▸ **Work instruction**
Repeat the lines from the one containing "Szénhidrogén bányászati területek" through the end of the listing exactly, both ends included. Do not carry over any pictures.

▸ **Data excerpt**
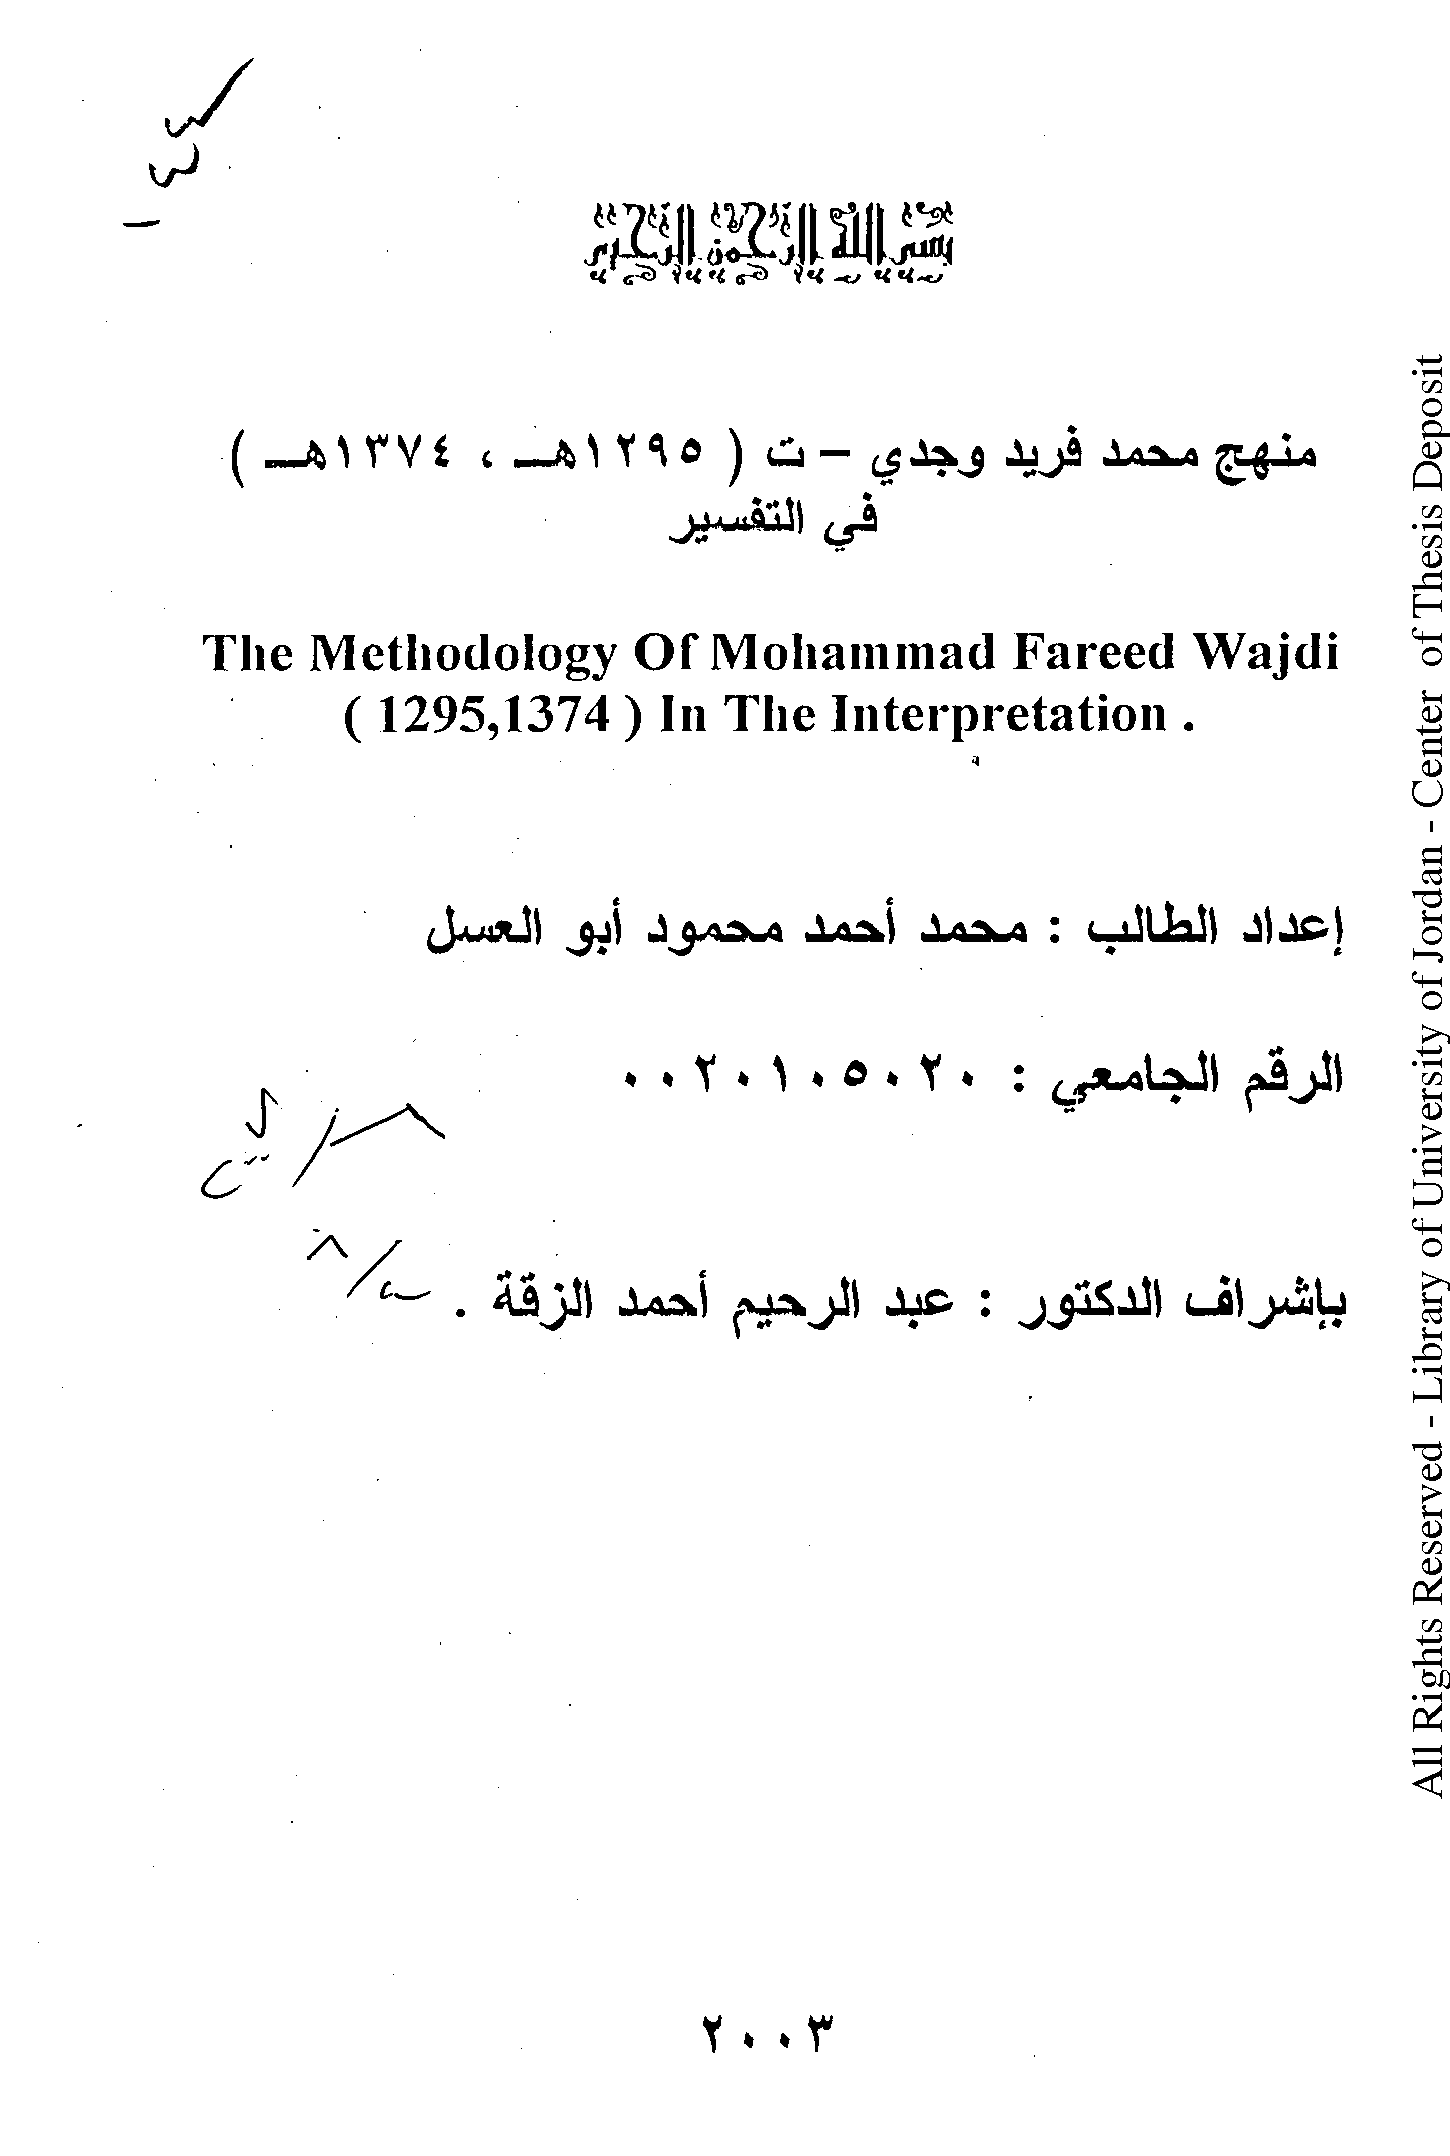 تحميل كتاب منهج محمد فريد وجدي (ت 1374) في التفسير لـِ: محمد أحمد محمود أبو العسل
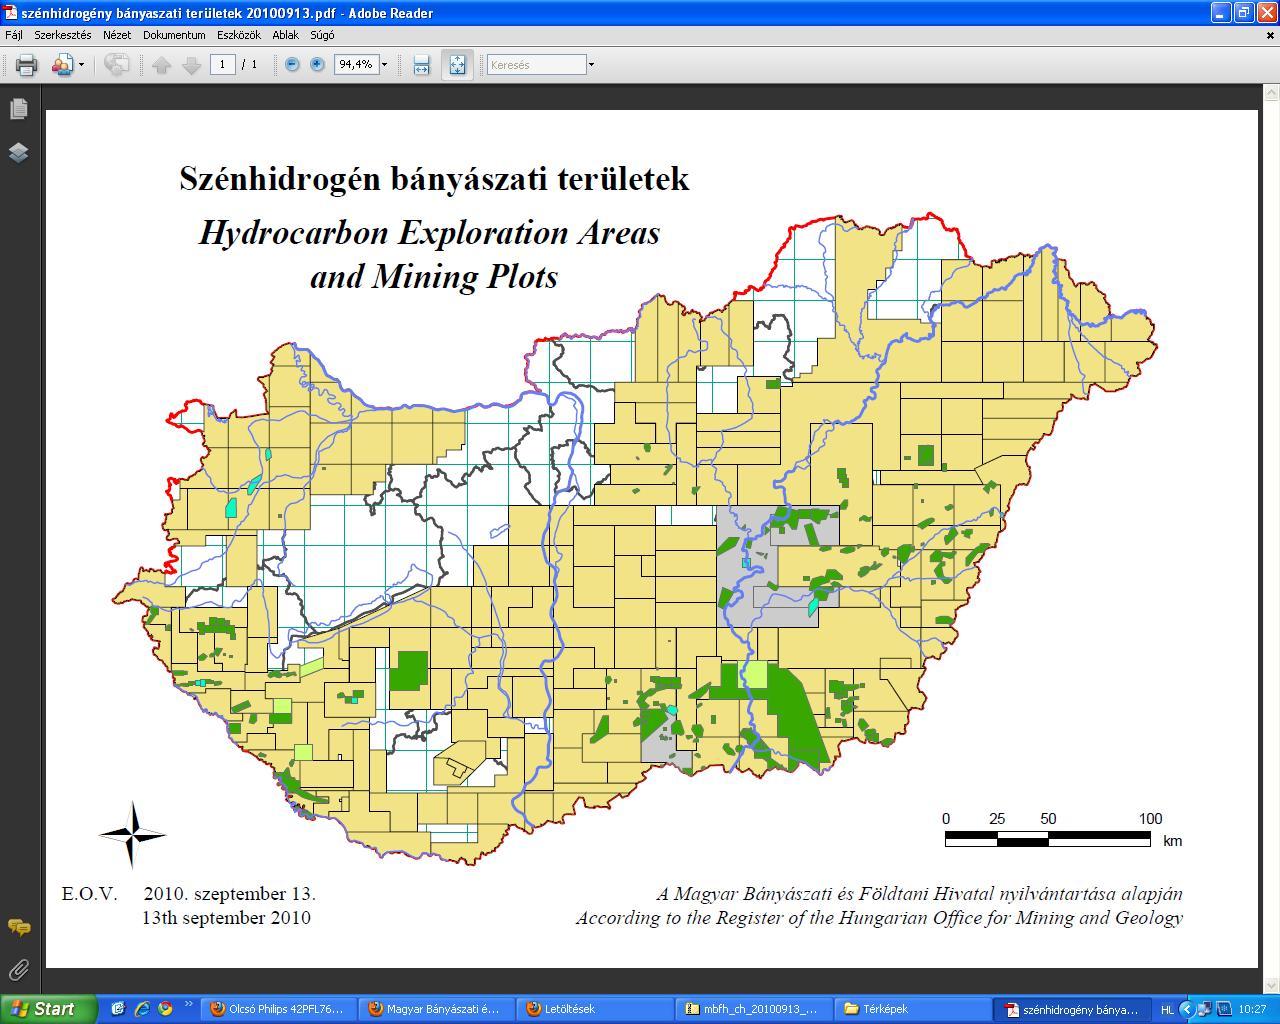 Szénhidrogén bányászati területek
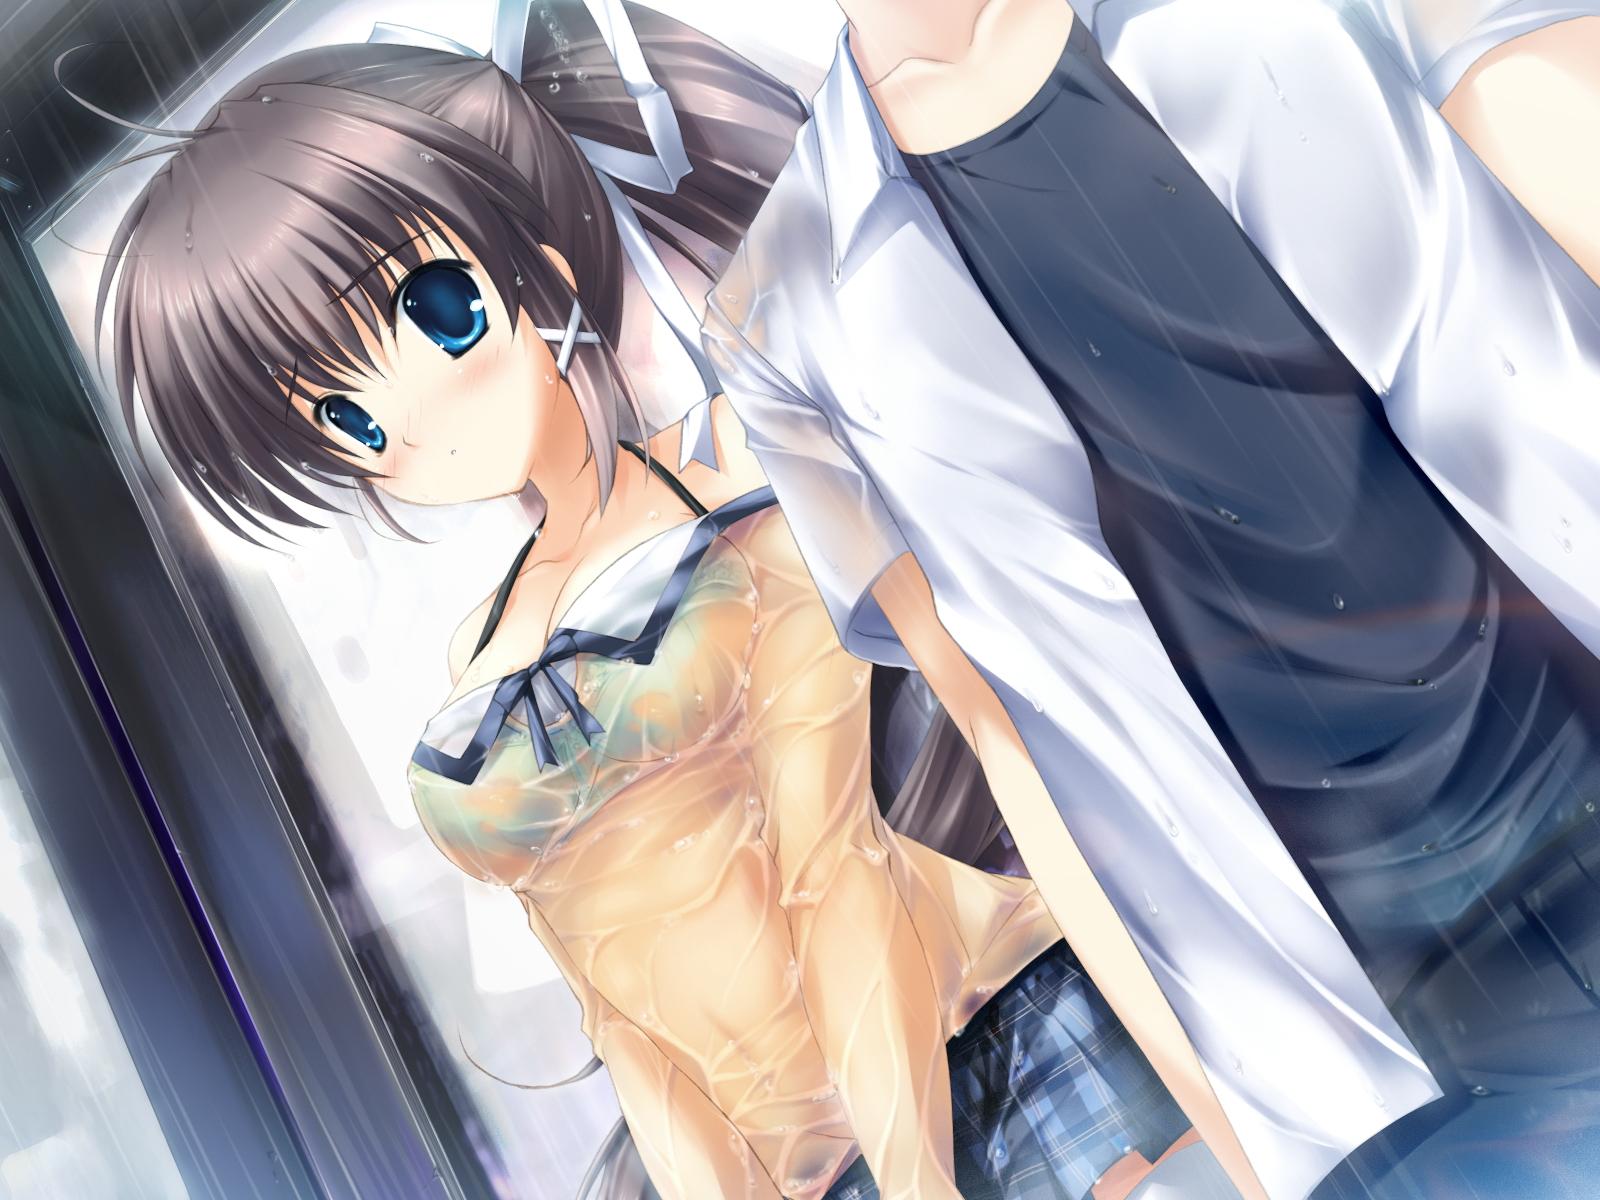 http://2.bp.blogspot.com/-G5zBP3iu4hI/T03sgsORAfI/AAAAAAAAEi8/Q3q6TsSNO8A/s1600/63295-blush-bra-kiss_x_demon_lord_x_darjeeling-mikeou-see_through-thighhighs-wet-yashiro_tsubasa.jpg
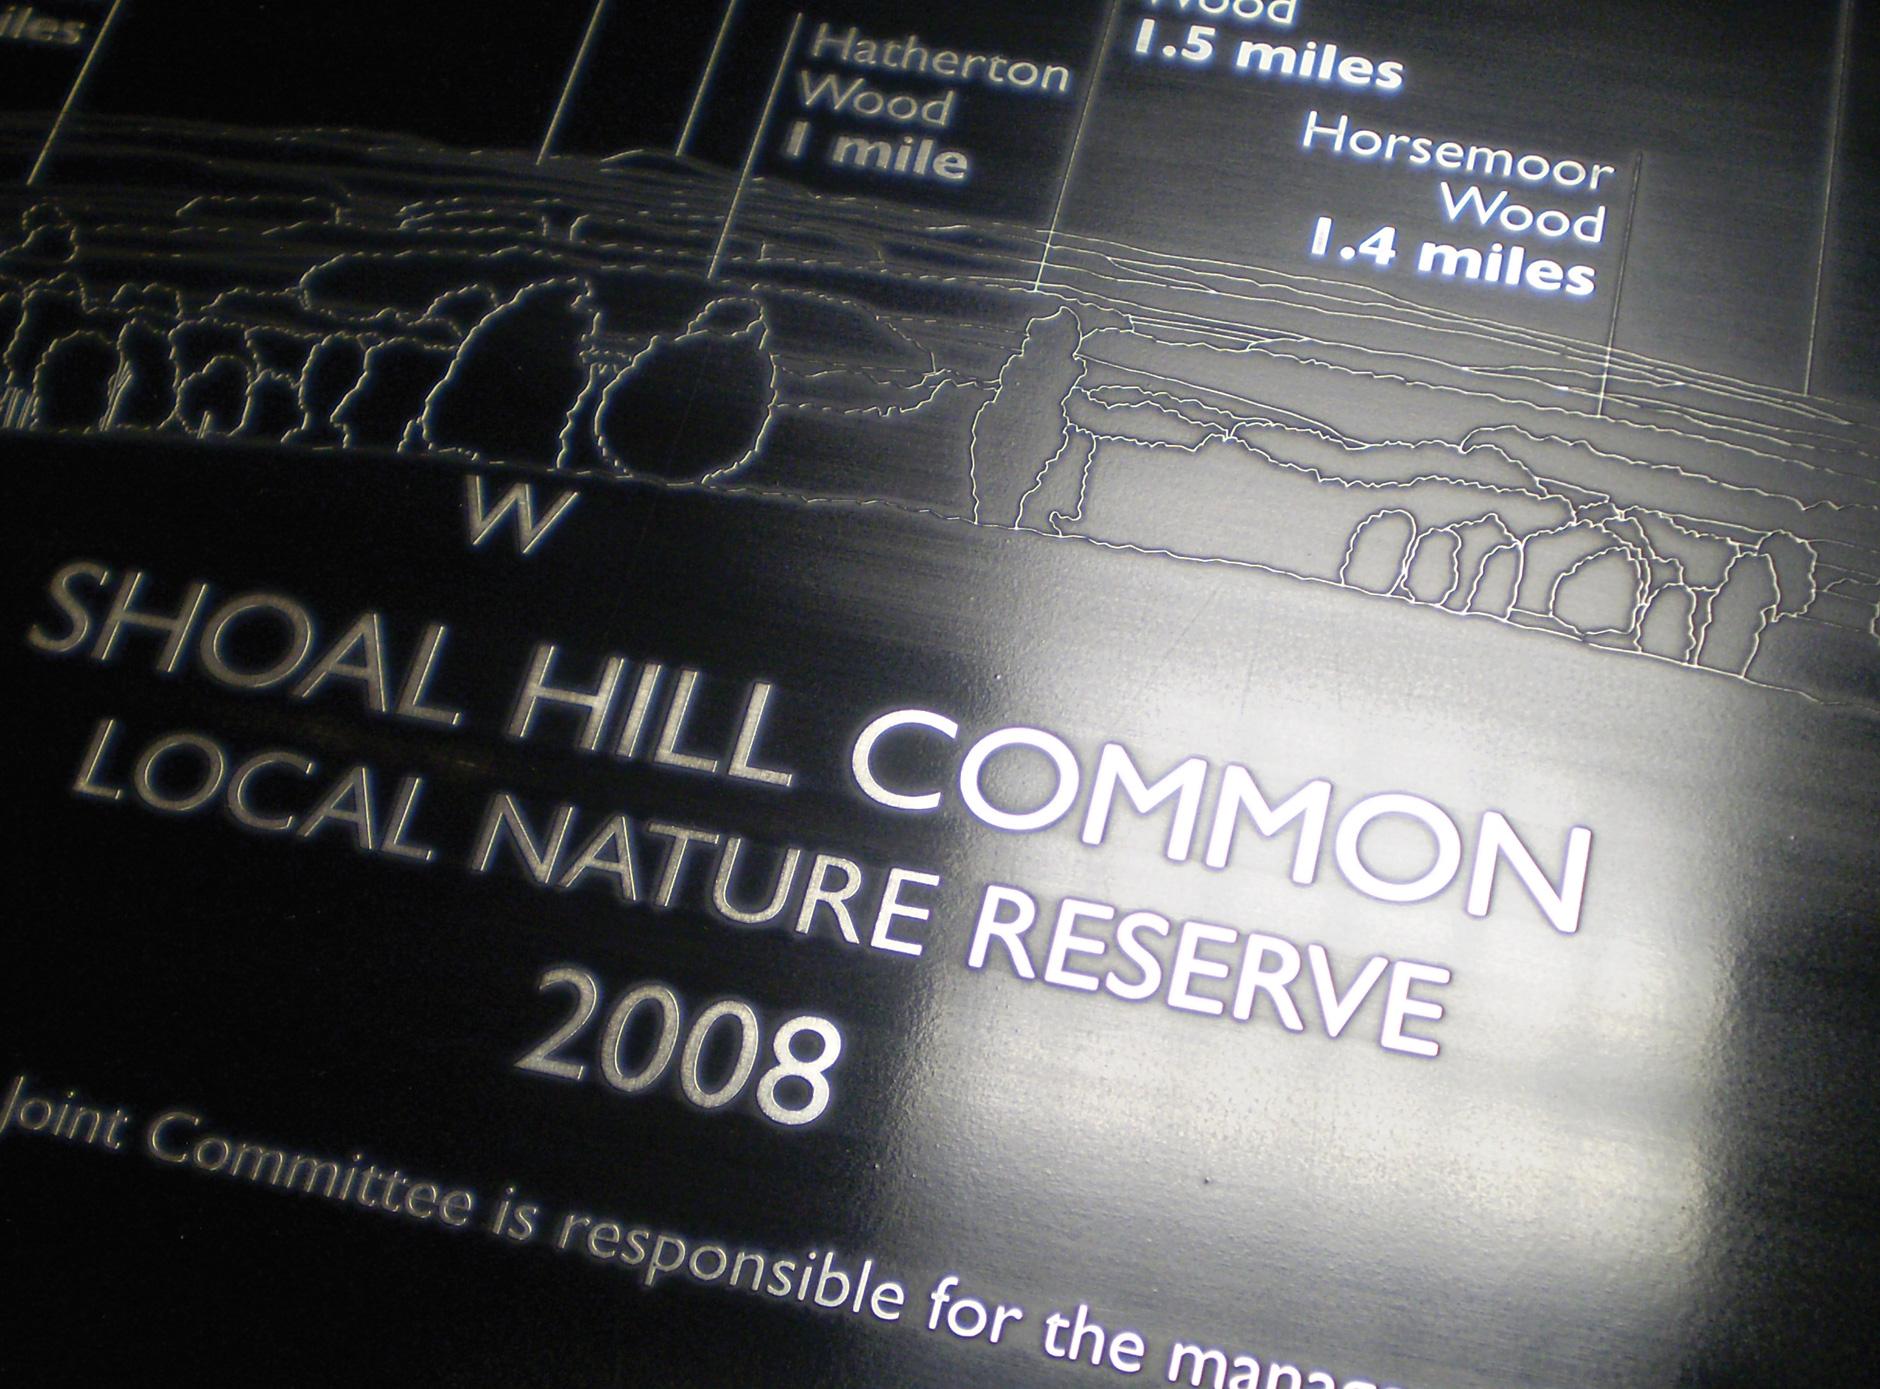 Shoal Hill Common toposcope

▸ **Your solution**
 Szénhidrogén bányászati területek
 http://2.bp.blogspot.com/-G5zBP3iu4hI/T03sgsORAfI/AAAAAAAAEi8/Q3q6TsSNO8A/s1600/63295-blush-bra-kiss_x_demon_lord_x_darjeeling-mikeou-see_through-thighhighs-wet-yashiro_tsubasa.jpg
 Shoal Hill Common toposcope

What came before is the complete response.